Data provided -
═══
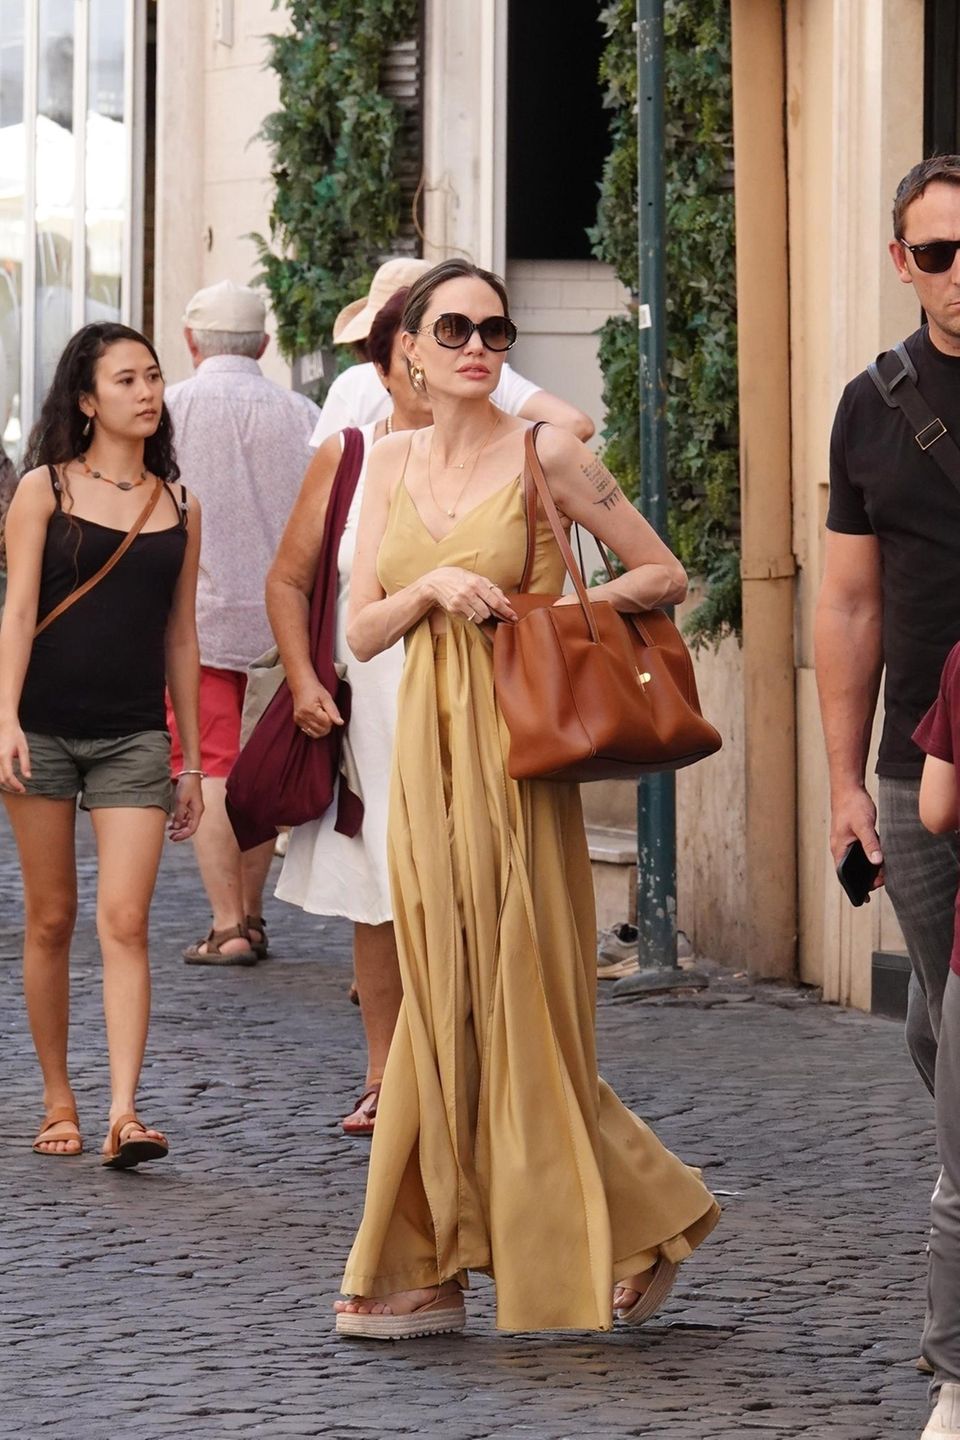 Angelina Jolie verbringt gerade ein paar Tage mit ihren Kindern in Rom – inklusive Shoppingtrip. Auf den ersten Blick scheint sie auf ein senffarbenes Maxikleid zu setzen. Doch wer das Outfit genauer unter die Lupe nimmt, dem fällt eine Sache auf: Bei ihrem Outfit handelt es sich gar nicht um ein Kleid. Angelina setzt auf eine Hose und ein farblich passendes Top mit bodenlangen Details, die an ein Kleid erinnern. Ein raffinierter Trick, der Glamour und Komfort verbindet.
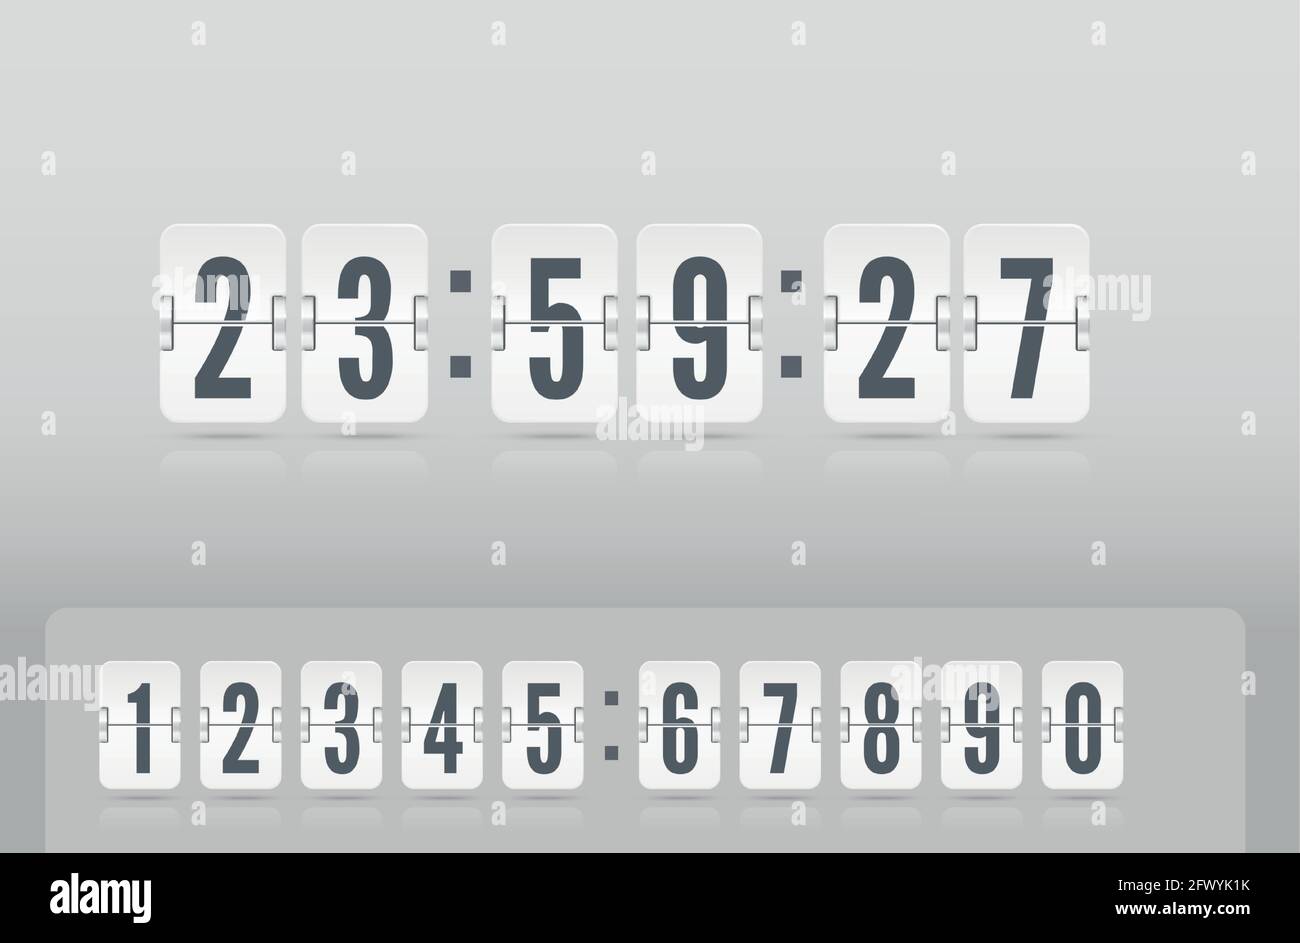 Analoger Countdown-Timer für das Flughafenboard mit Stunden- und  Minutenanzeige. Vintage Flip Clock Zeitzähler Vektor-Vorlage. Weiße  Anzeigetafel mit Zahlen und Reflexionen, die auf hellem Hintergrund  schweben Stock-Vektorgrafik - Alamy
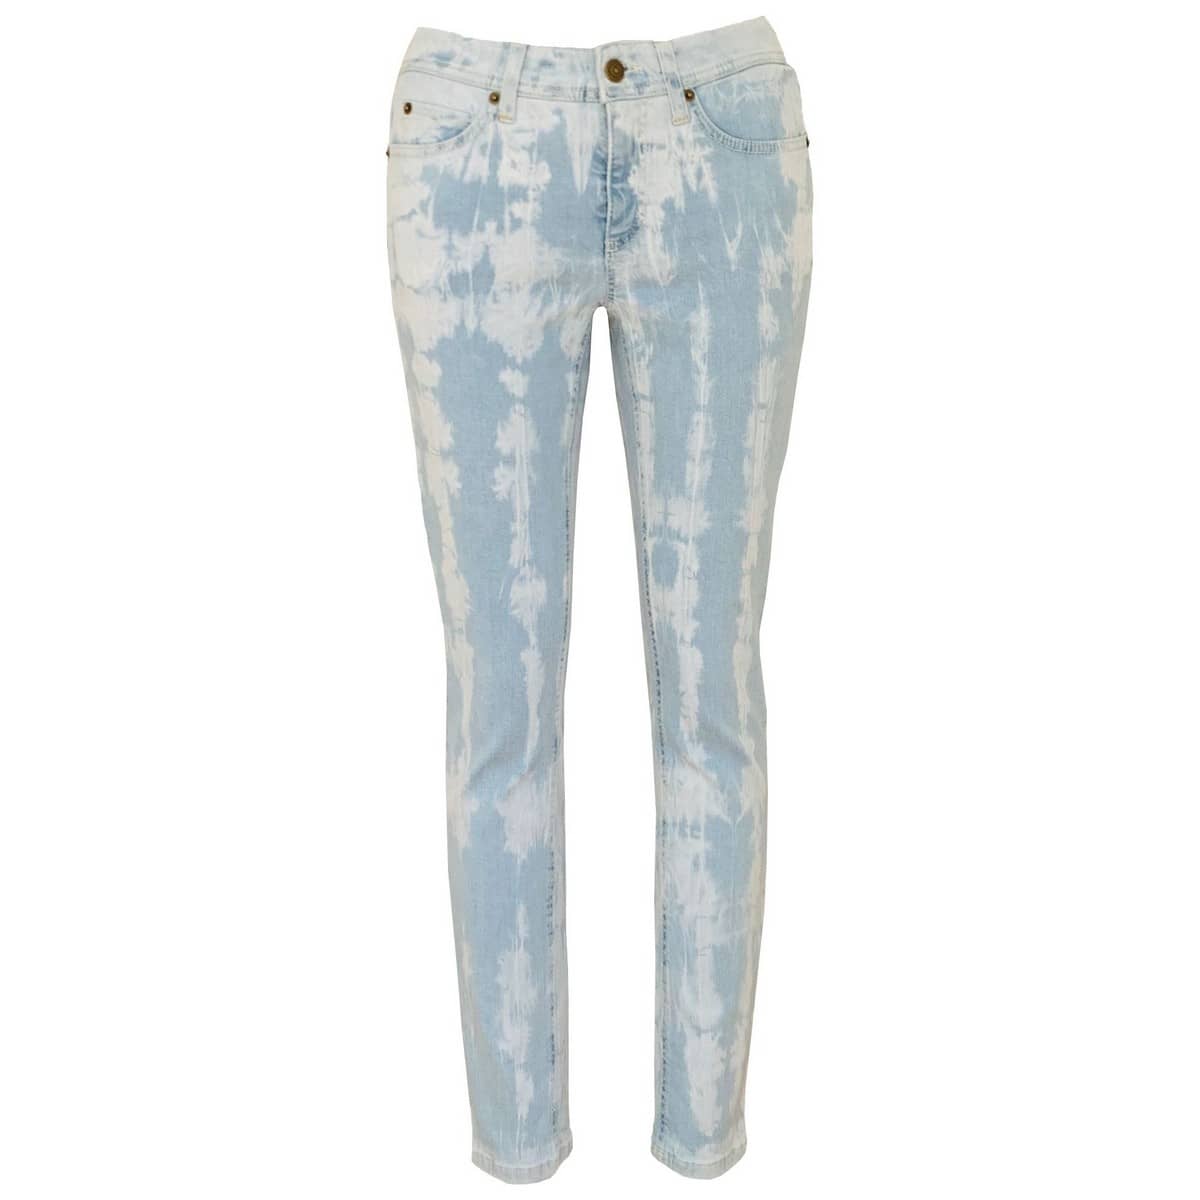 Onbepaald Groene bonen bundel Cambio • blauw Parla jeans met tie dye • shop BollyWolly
═══
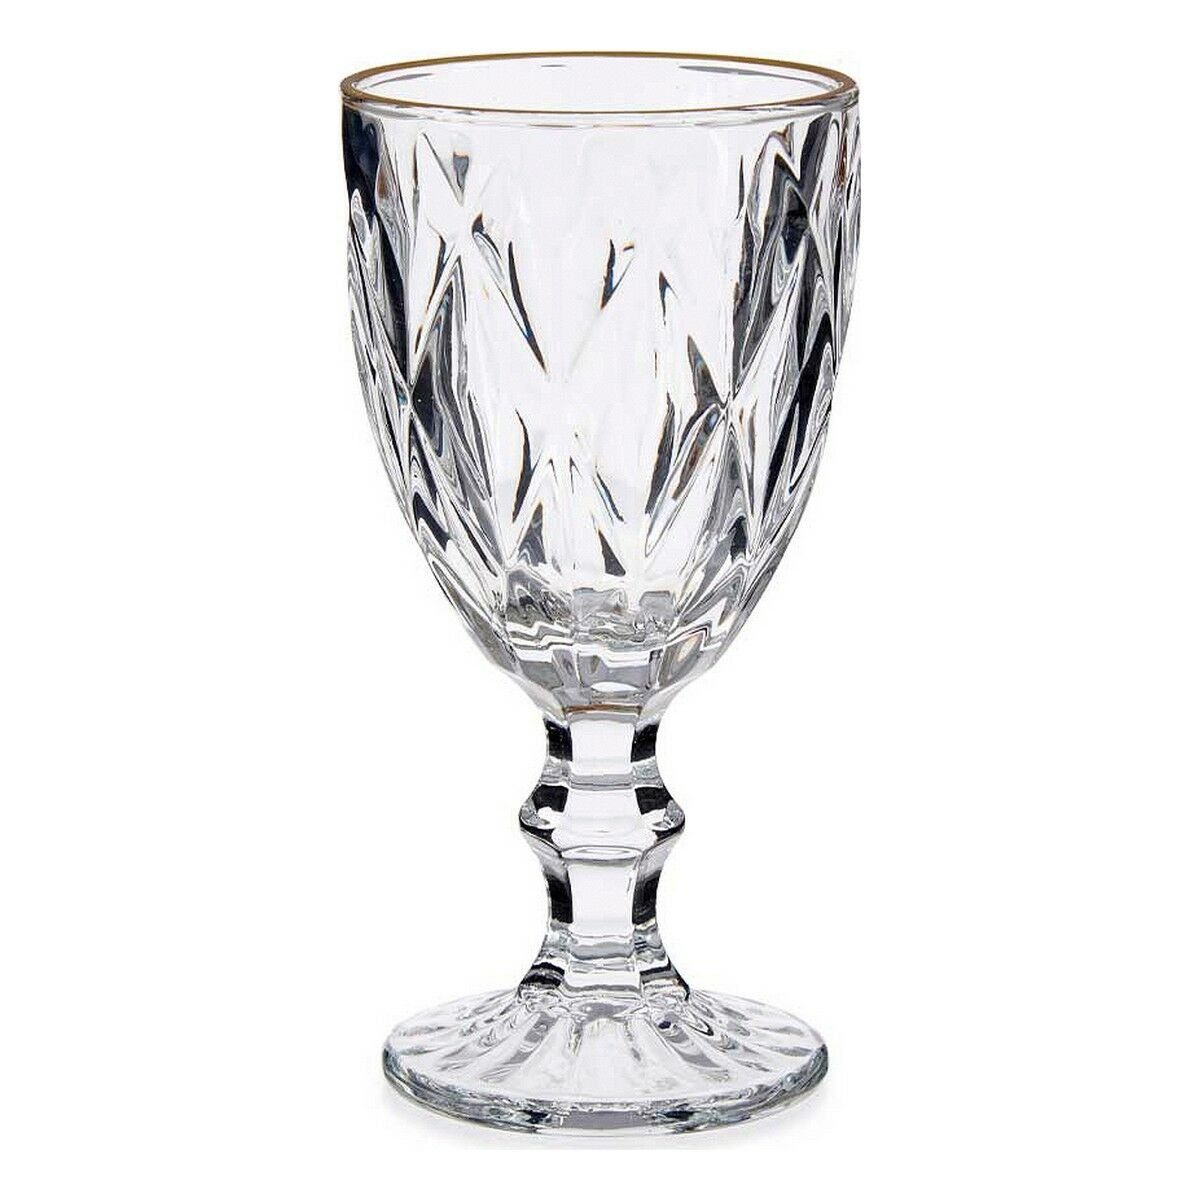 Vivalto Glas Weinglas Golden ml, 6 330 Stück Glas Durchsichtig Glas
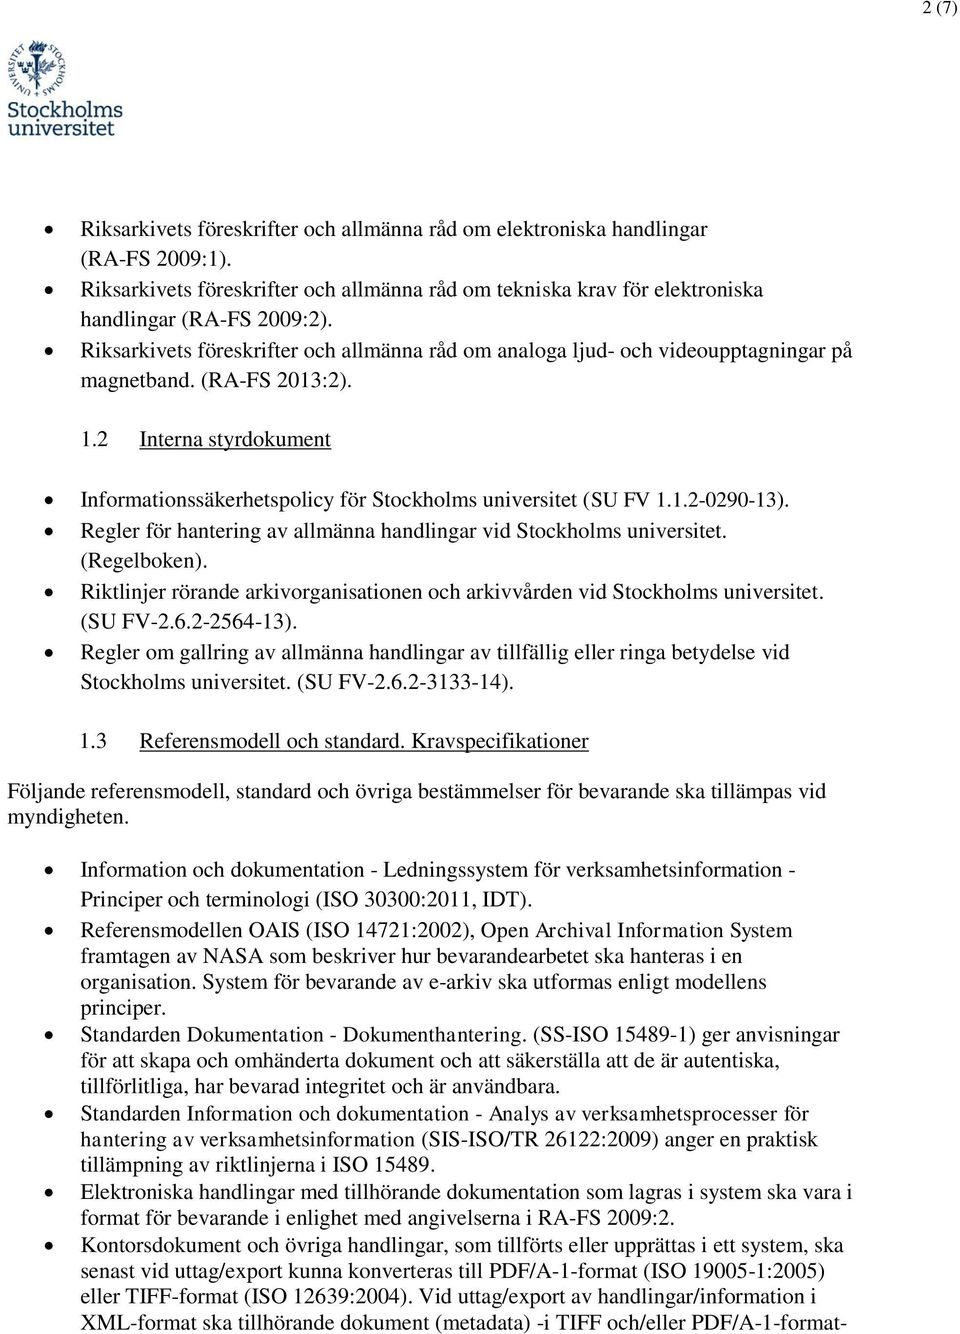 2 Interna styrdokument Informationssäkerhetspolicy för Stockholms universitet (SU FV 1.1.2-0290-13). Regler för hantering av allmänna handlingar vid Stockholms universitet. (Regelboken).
═══
What to produce -
In the listing above, find the line with "Vivalto Glas Weinglas" and the line with "2 Interna styrdokument". Copy both of them and every line between, exactly, but not the pictures.

Task output -
 Vivalto Glas Weinglas Golden ml, 6 330 Stück Glas Durchsichtig Glas
 2 Interna styrdokument Informationssäkerhetspolicy för Stockholms universitet (SU FV 1.1.2-0290-13). Regler för hantering av allmänna handlingar vid Stockholms universitet. (Regelboken).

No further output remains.